The $3 billion Secret Security Deals Between Israel and Abu Dhabi


The Ministry of Defense has approved – sometimes exceptionally – a series of arms deals between Israeli defense industries and the Abu Dhabi

F-35 to the Amiraties

Behind the scenes of the historic agreement: Abu Dhabi government and the Israeli Ministry of Defense have signed a series of arms deals worth about $ 3 billion in the past year and a half, according to Yedioth Ahronoth.

Emirates has pledged: We will not pass on systems and knowledge to other parties.

Transactions included intelligence gathering systems, optical systems, cyber, monitoring (cameras, etc.), and border protection systems. Most of the deals made are of defensive weapon systems but not only – some have been overshadowed as a result.

In the Ministry of Defense, in collaboration with the Ministry of Foreign Affairs, there is a committee that can exclude arms deals as in this case. In exchange for a signature and commitment from the emirates not to transfer the systems and knowledge to third parties – it was decided to approve the deals.

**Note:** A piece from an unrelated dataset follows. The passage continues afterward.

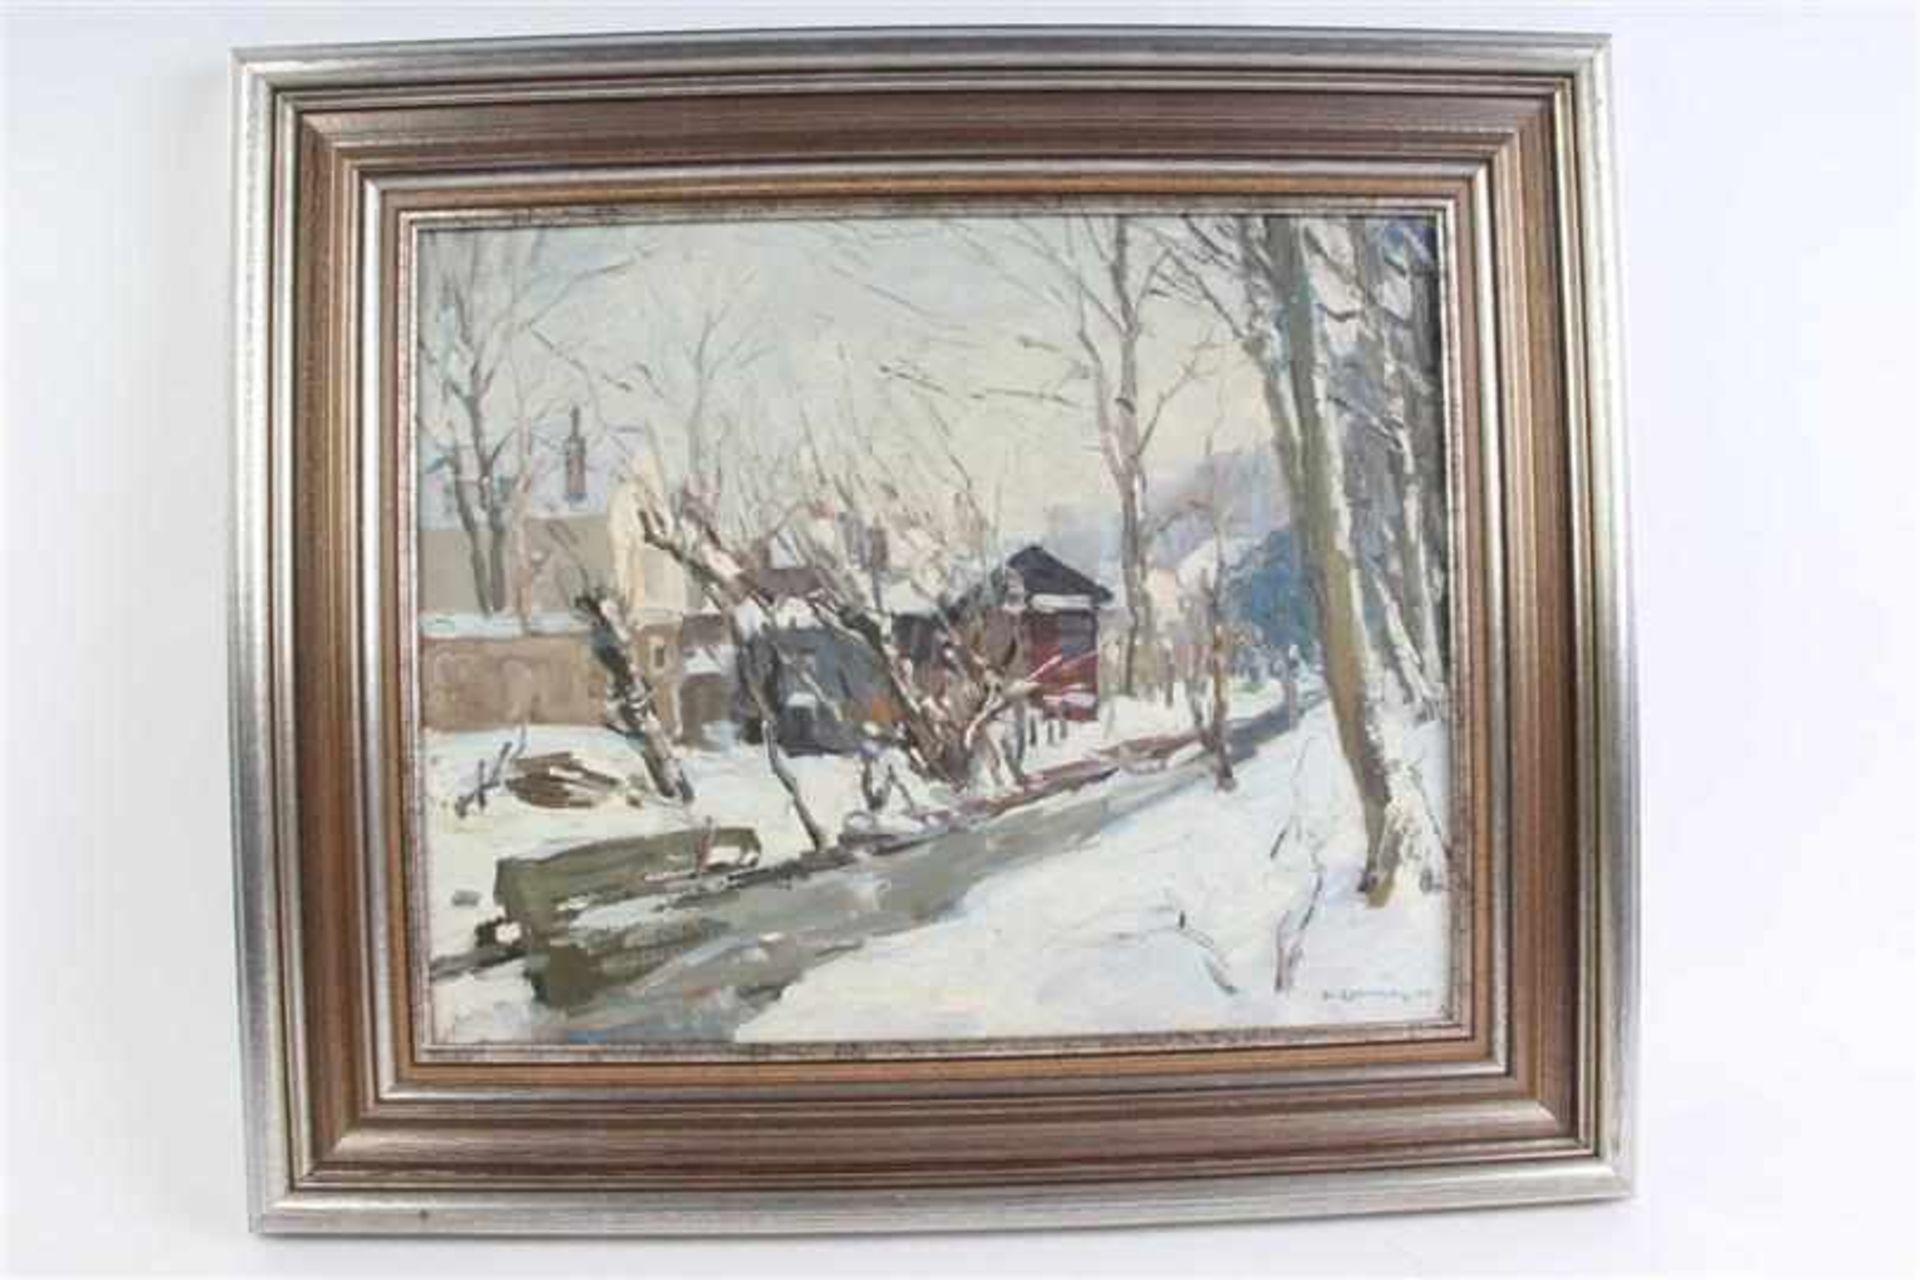 Schilderij, olieverf op doek, 'Dorpsstraatje in de sneeuw'. Hendrik Van Leeuwen van Oudewater (

In a statement issued by Prime Minister Benjamin Netanyahu on the announcement of the establishment of relations with the Emirates, Netanyahu promised that this was a “new breakthrough – peace for peace.”

The Prime Minister added: “Establishing true peace is our desire – a peace that maintains security and the most valuable assets of our people, a peace that keeps the war away and does not bring it closer.”

This morning, Yedioth Ahronoth reported that as part of a covert clause in the peace agreement, the UAE will receive tens of billions of dollars worth of F-35s and UAVs from the United States. It was also reported that the deal has been frozen so far due to Israeli opposition – and now the US administration is about to thaw it. It should be noted, however, that this is a rather old request from the UAE that has not yet been approved by the US Congress.

Netanyahu insist that there has been no change in Israel’s opposition to the sale of tie-breaking weapons to any Mideast nation.

Under understandings, Washington has refrained from Middle East arms sales that may blunt Israel’s “qualitative military edge” (QME).

Intelligence Minister Eli Cohen denied the publication, saying that “there is no change in the policy that opposes the sale of advanced weapons to Arab countries that could reduce Israel’s military superiority.” Cohen added in an interview here on Net B: “Israel has not given its consent to change the arrangement.”